Task statement: Your copy runs from the line containing "Real Madryt - Obradoiro" through the last line of the listing, both included. Restate those lines word for word and leave out pictures.

##### Information supplied

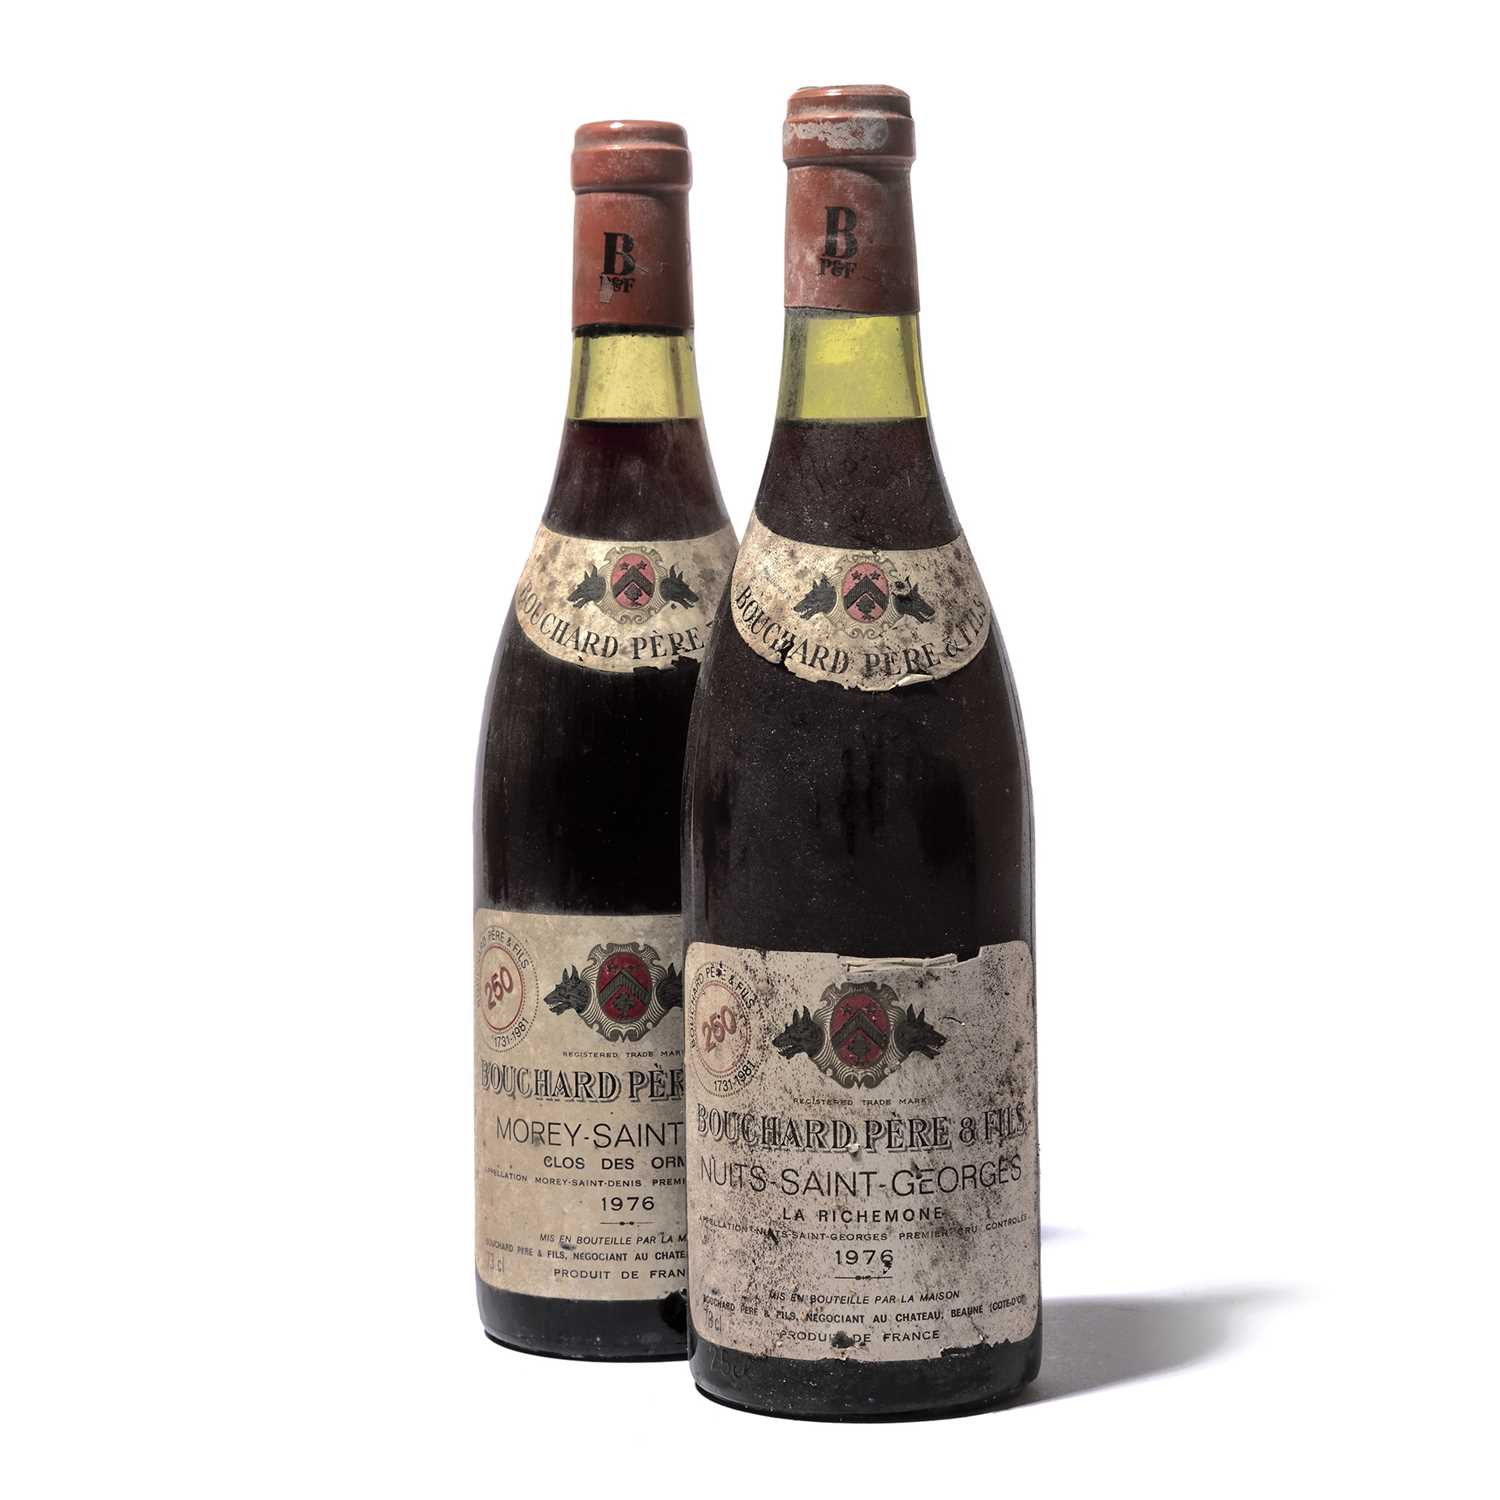 Lot 182 - 6 bottles 1976 Mixed Bouchard Pere et Fils
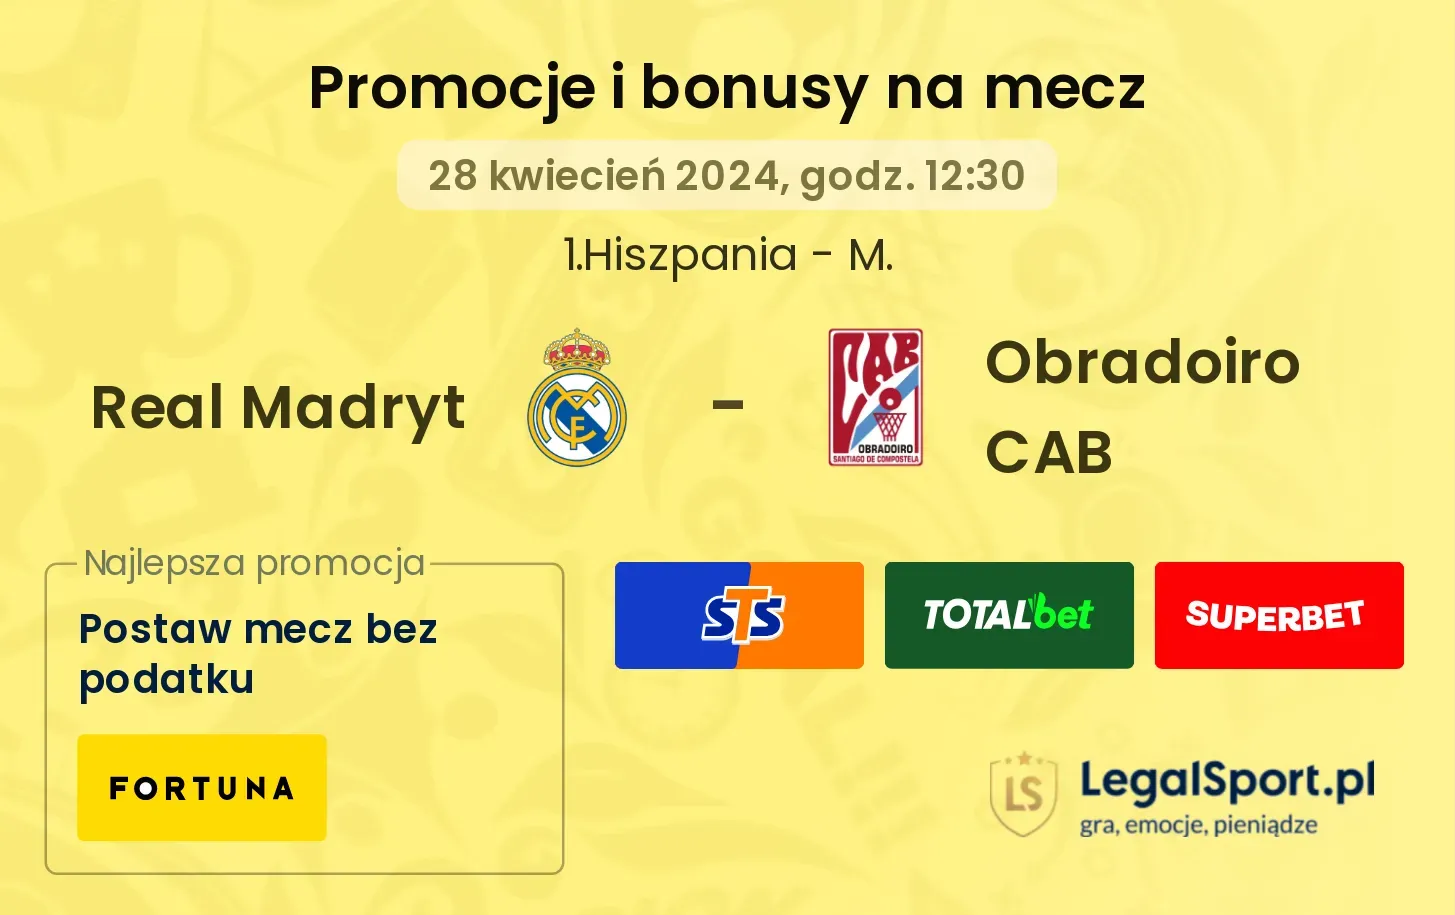 Real Madryt - Obradoiro CAB promocje i bonusy (28.04, 12:30)
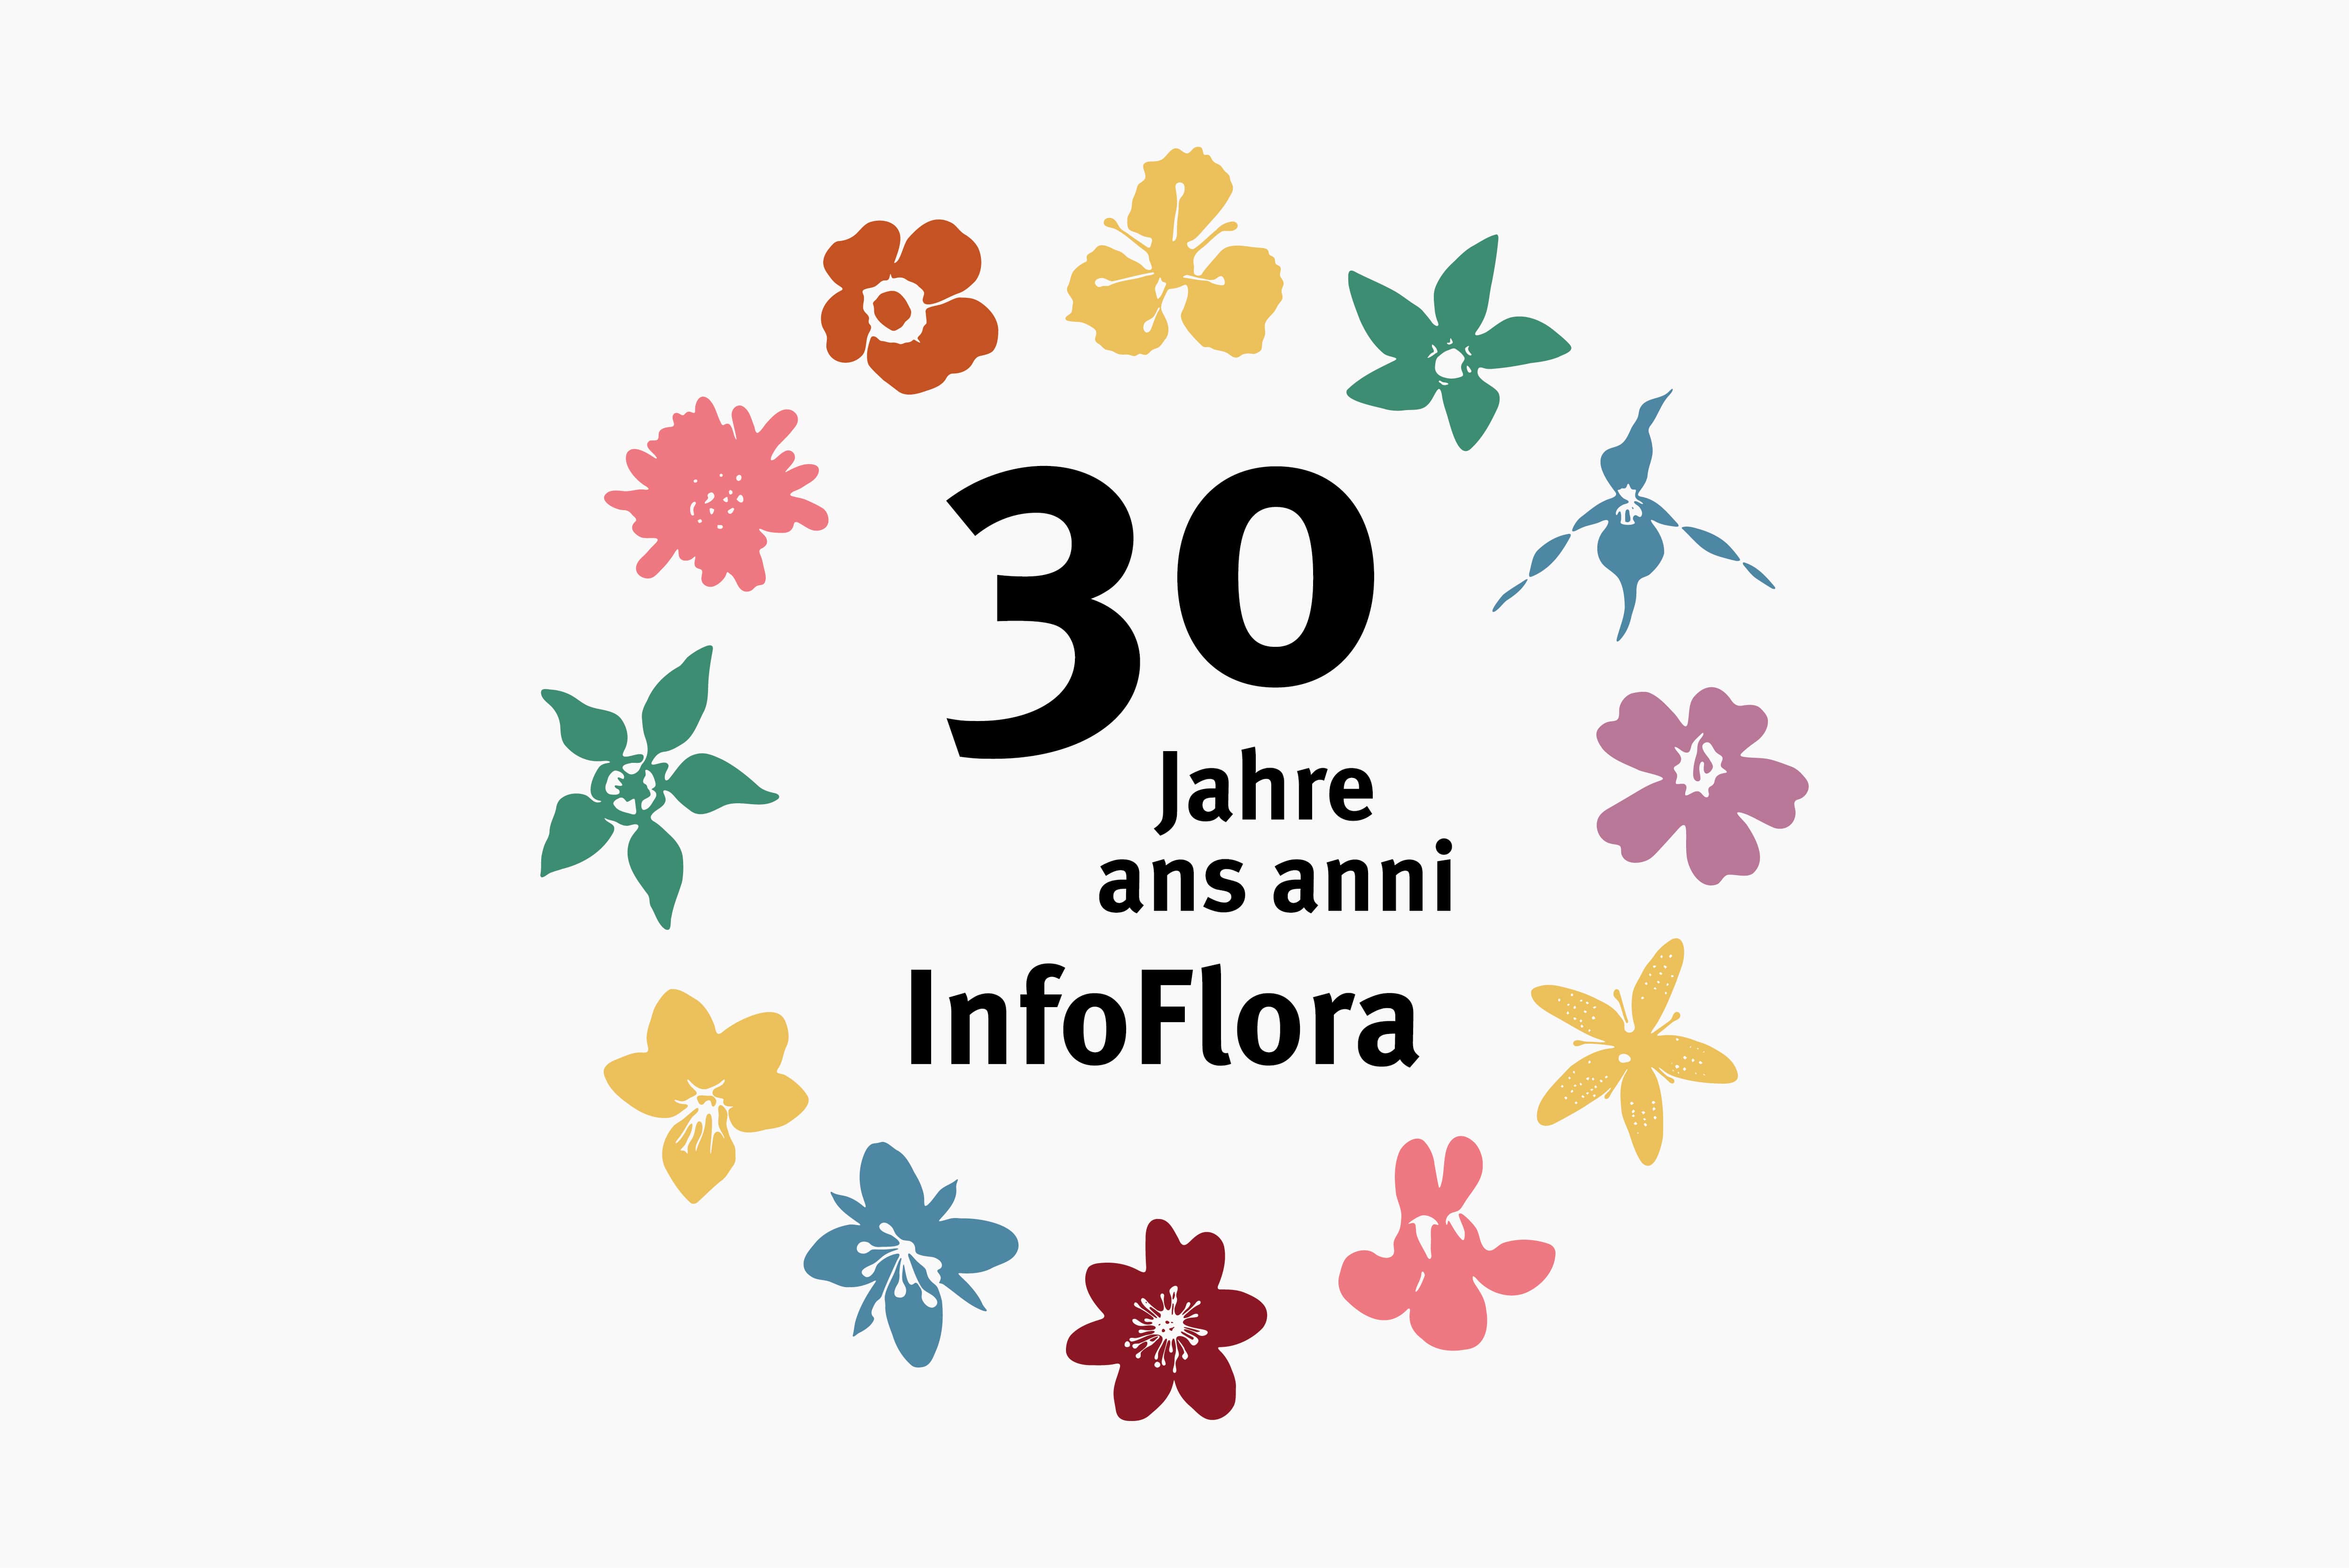 info flora image

##########

Task result:
 Real Madryt - Obradoiro CAB promocje i bonusy (28.04, 12:30)
 info flora image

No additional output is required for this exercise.